[[ Information supplied, beginning ]]
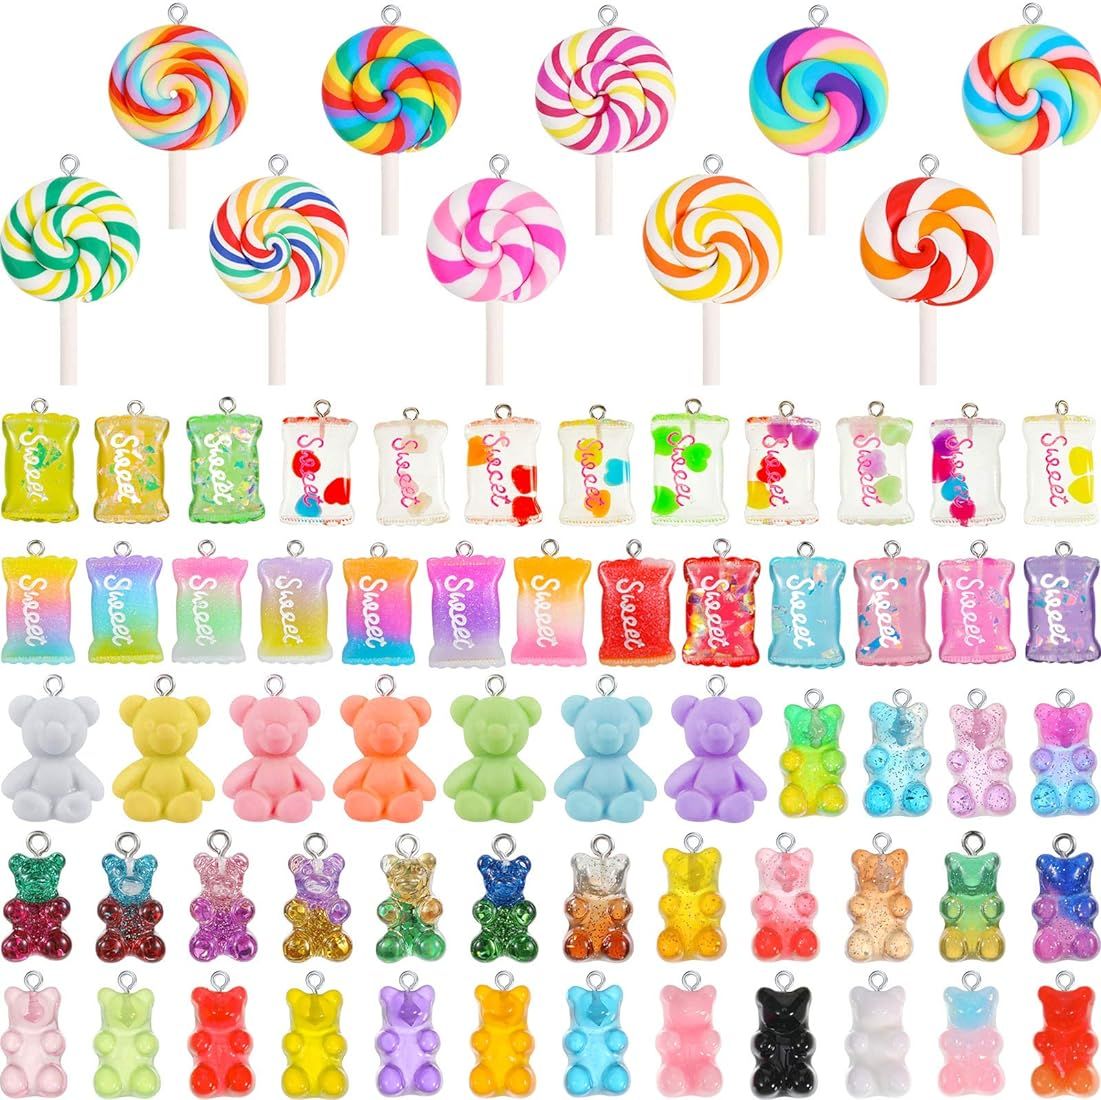 Hicarer 70 Pieces Colorful Candy Pendant Charm for Jewelry Making Cute Gummy Candy Bear Lollipops... | Amazon (US)
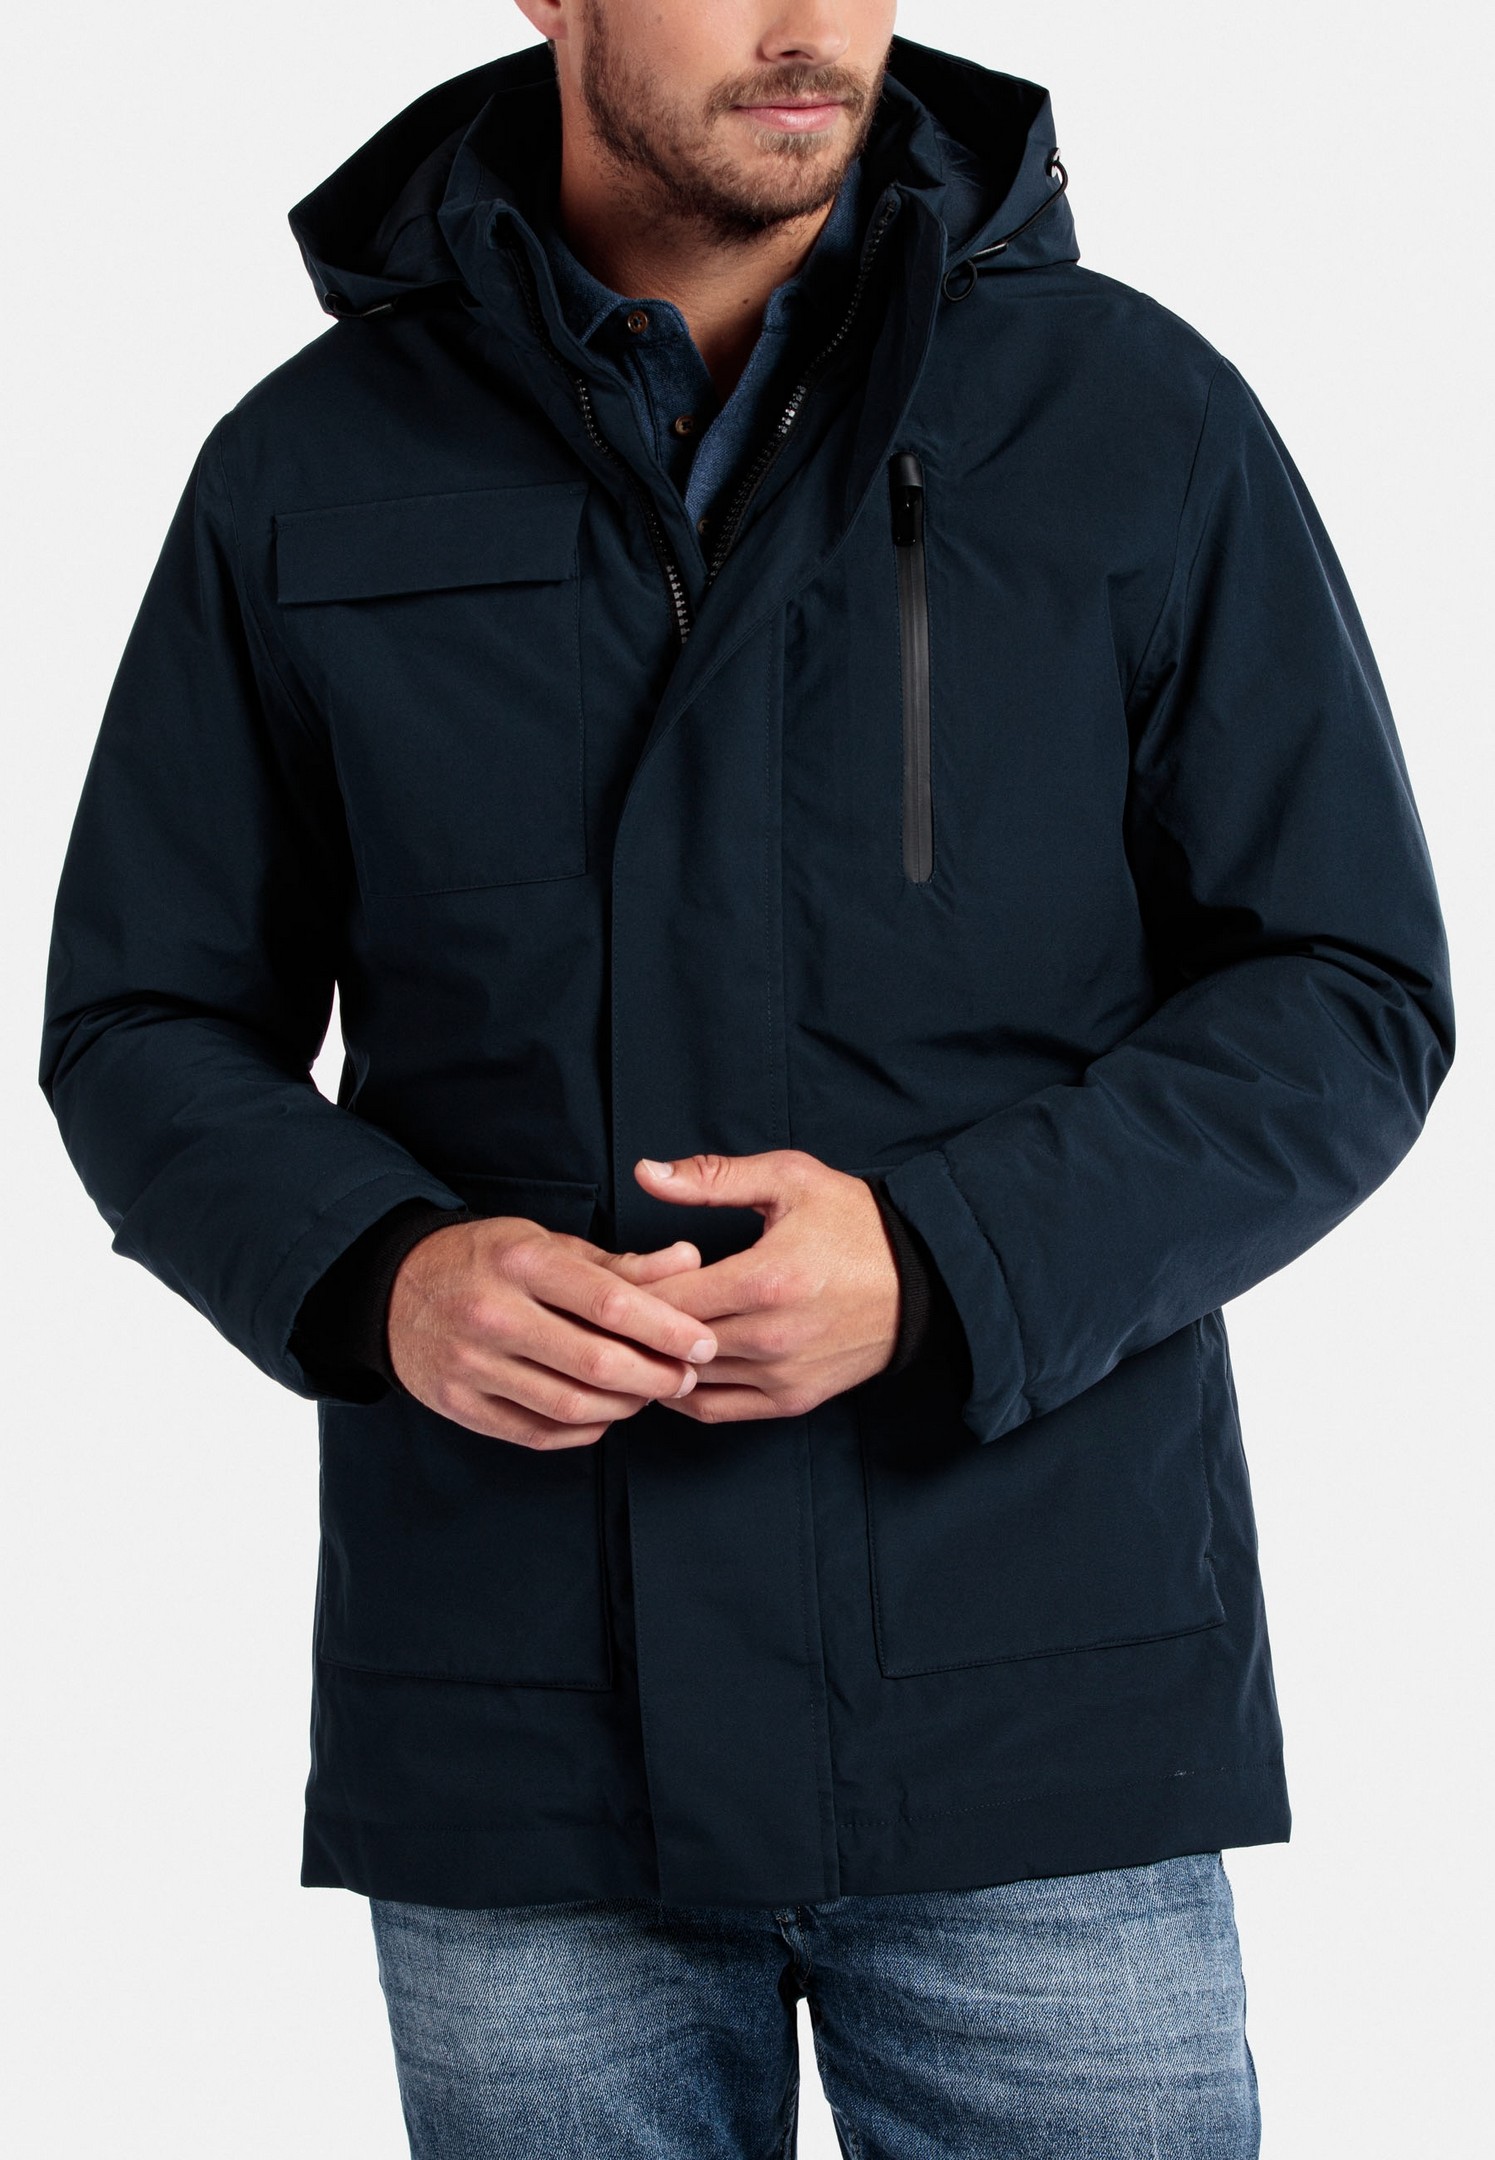 Giordano Jacket Removable Dark Windproof Hood | Men\'s Navy Water Rozing and Fashion Jan
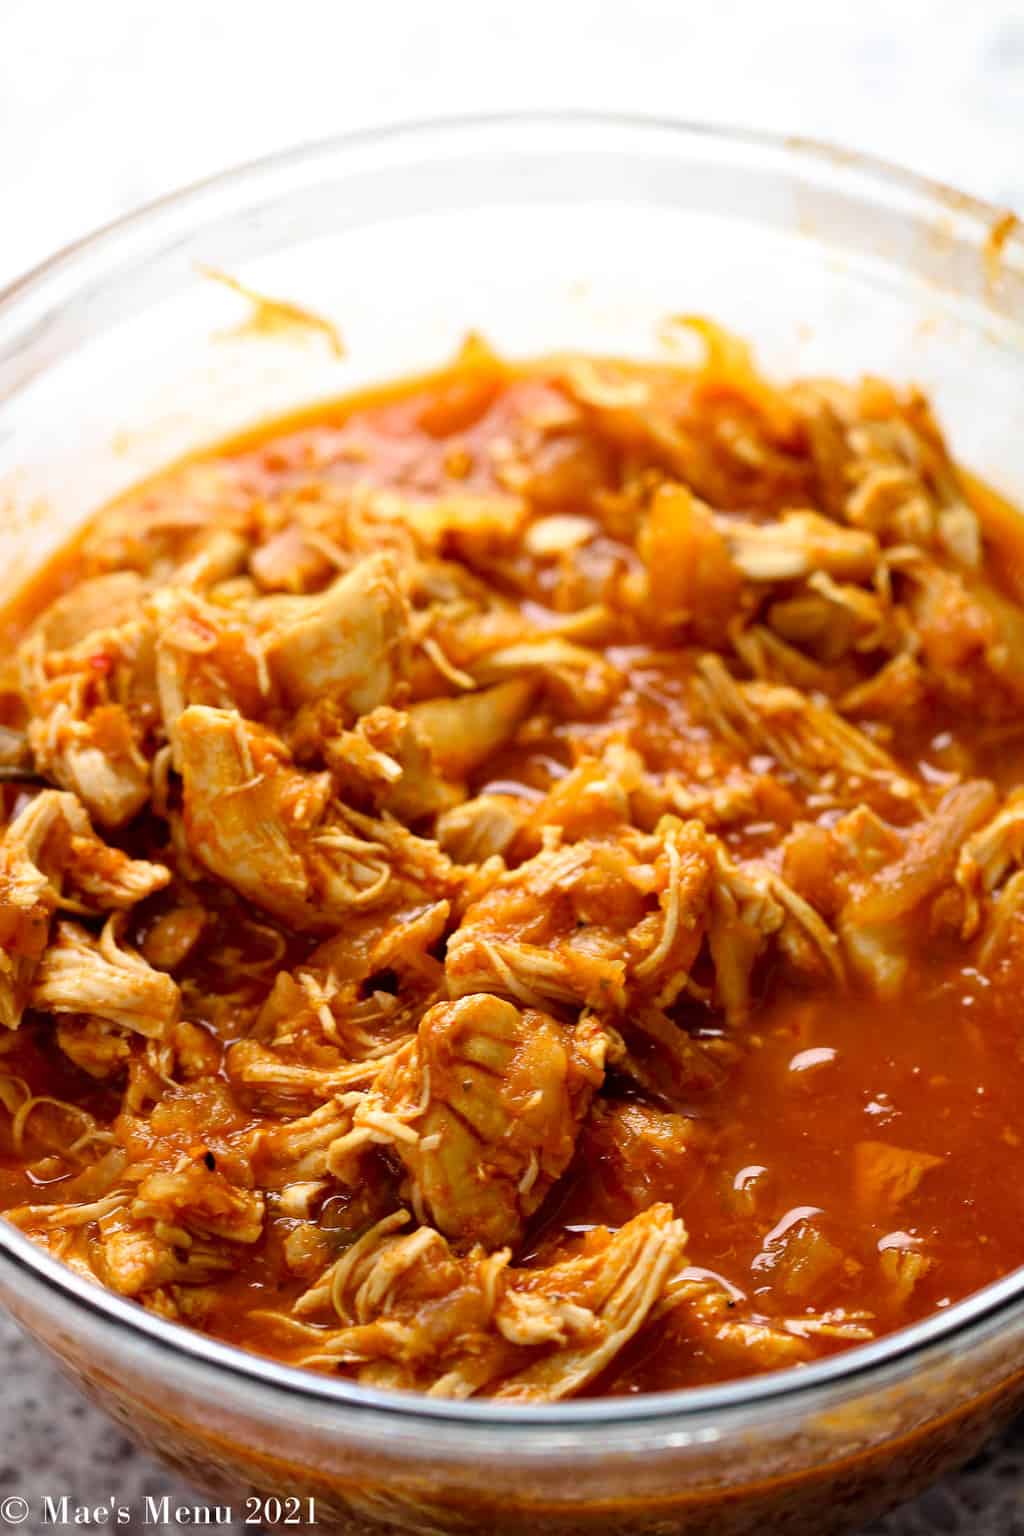 An up-close side shot of the instant pot shredded chicken in a clear mixing bowl
[[ Information supplied, end ]]
What is required.
What the answer needs is every line from the one with "Giordano Jacket Removable" through the last line of the data, reproduced word for word and with pictures omitted.

Result of this task.
 Giordano Jacket Removable Dark Windproof Hood | Men\'s Navy Water Rozing and Fashion Jan
 An up-close side shot of the instant pot shredded chicken in a clear mixing bowl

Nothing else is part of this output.